AUSTIN (KXAN) - The Department of Justice said in a letter to the City of Austin it will not review the Austin Police Department. In response, local civil rights groups say the ball is now back in the city council's court to ensure the police are policed, in effect.
“City leadership has to take hold of this issue and thus far, they haven't,” Nelson Linder of the local chapter of the NAACP told KXAN. “I mean they've been running away from the issue. I think now they're going to be forced to come up front and talk about police policies, accountability and telling that directly to the people who live in this city who vote for them.”
In August, City Manager Marc Ott requested the review of policies, procedures and practices of APD after a string of officer involved shootings, including 10 since the start of 2012. That includes seven this year, three of which were fatal.
The requested evaluation was to examine potential, systematic issues or patterns of misconduct by the department, the city said.
- Read the letter the Department of Justice sent to the City of Austin
- Marc Ott's letter to the Mayor and Council Members
The request followed an investigation into the police department that was opened by the DOJ in May 2007 after allegations of excessive force. The investigation was closed in May 2011 after the DOJ "concluded they did not have reasonable cause to believe that APD engaged in actions that deprived residents of their protections under the Constitution."
Through that investigation, the DOJ provided APD with more than 160 recommendations on how to better the department, and the vast majority of the suggestions were implemented.
Added Scott Medlock of the Texas Civil Rights Project, the group that brought the 2007 review request with NAACP: "The city council needs to what the DOJ has already suggested. I don't think this is any sort of whitewash or blessing of what the police have done here."
Because of the implementation of those recommendations, the DOJ said it felt the police department currently has "standing oversight tools and practices that can provide a credible means for the city to respond to incidents like the recent events in Austin, thus determining that the existing mechanisms will be the most effective way of refurbishing community trust in APD."

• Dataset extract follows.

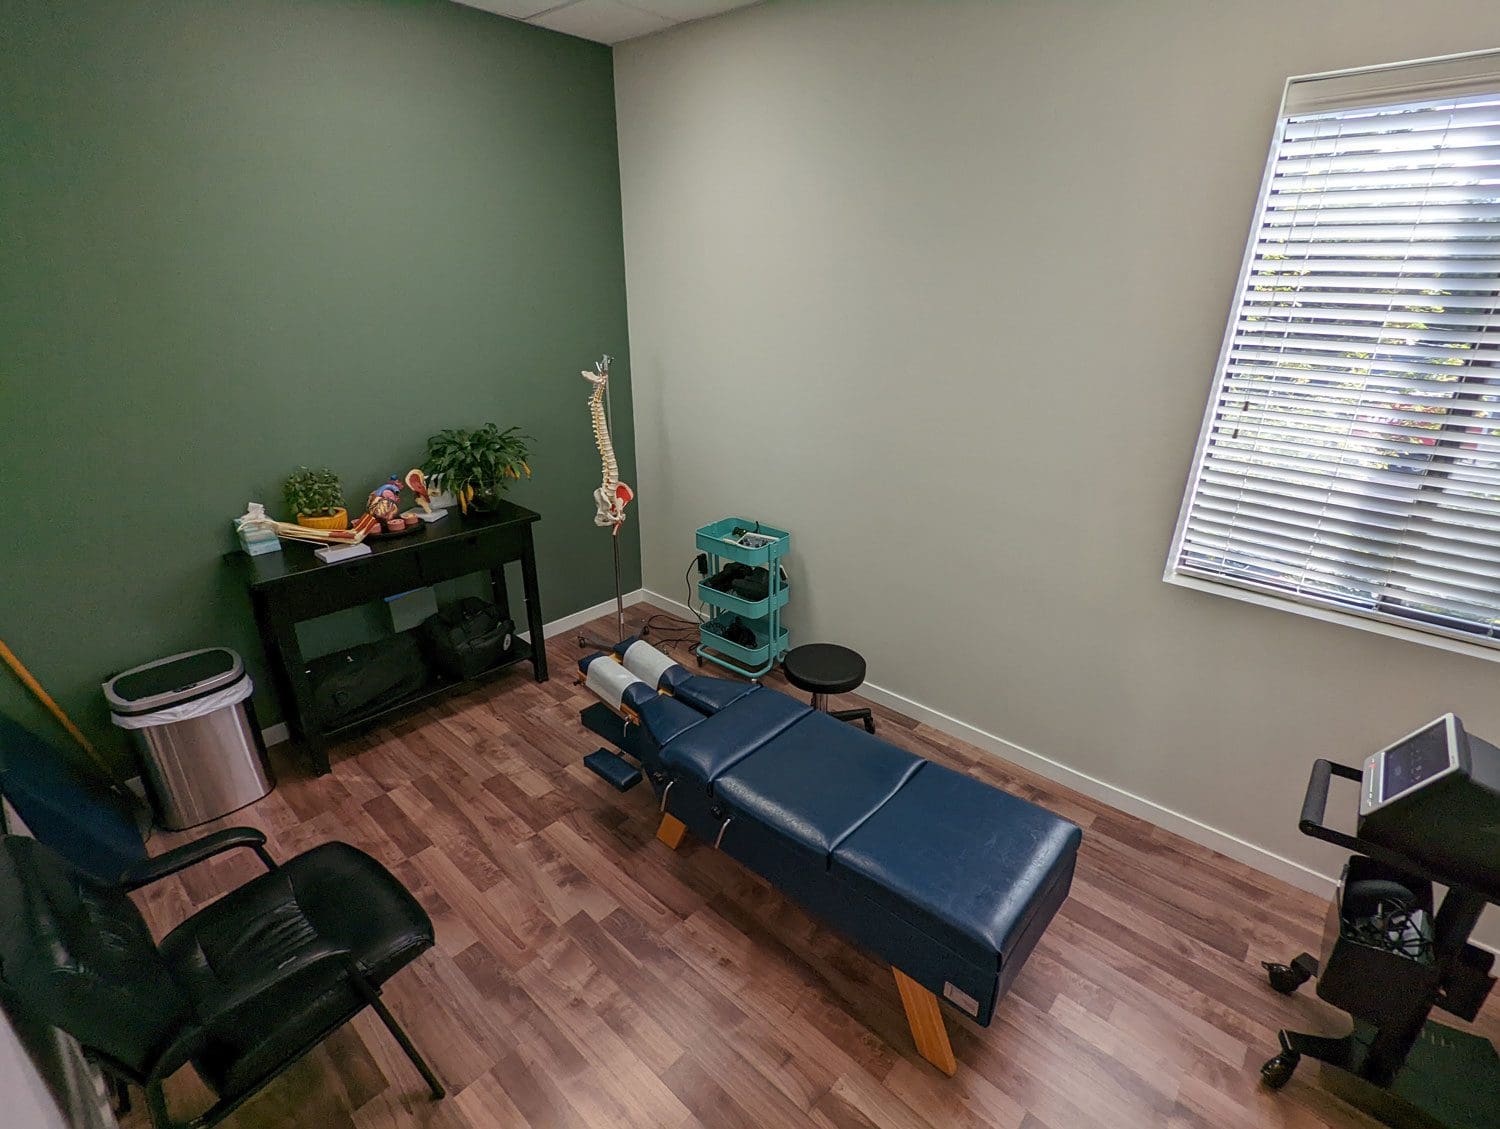 Tigard Chiropractic treatment room with adjustment table.

“Public safety and community trust are fundamentally interwoven, which is why in I requested that the Department of Justice review the practices and policies of APD," Ott said. "Furthermore, because the DOJ made the recommendations to APD, I felt they could be helpful in reviewing tactics as they relate to policies.
“I am grateful to the Justice Department for their consideration and thankful for the confidence they have in our present, city processes," he added. "I have directed Chief (Art) Acevedo to conduct an internal review to determine if our tactics are consistent with our policies. The chief has committed to providing a report to me within 90 days."
The city also said it has worked the the DOJ's Community Relations Service, a separate office from the Civil Rights Division, which focuses on mediation of community tension and conflict concerning race issues.
The NAACP's Nelson Linder said A DOJ-led meeting is planned September 25th to address community tensions and help mediate ongoing issues. A location will be announced in the next 10 days, he said.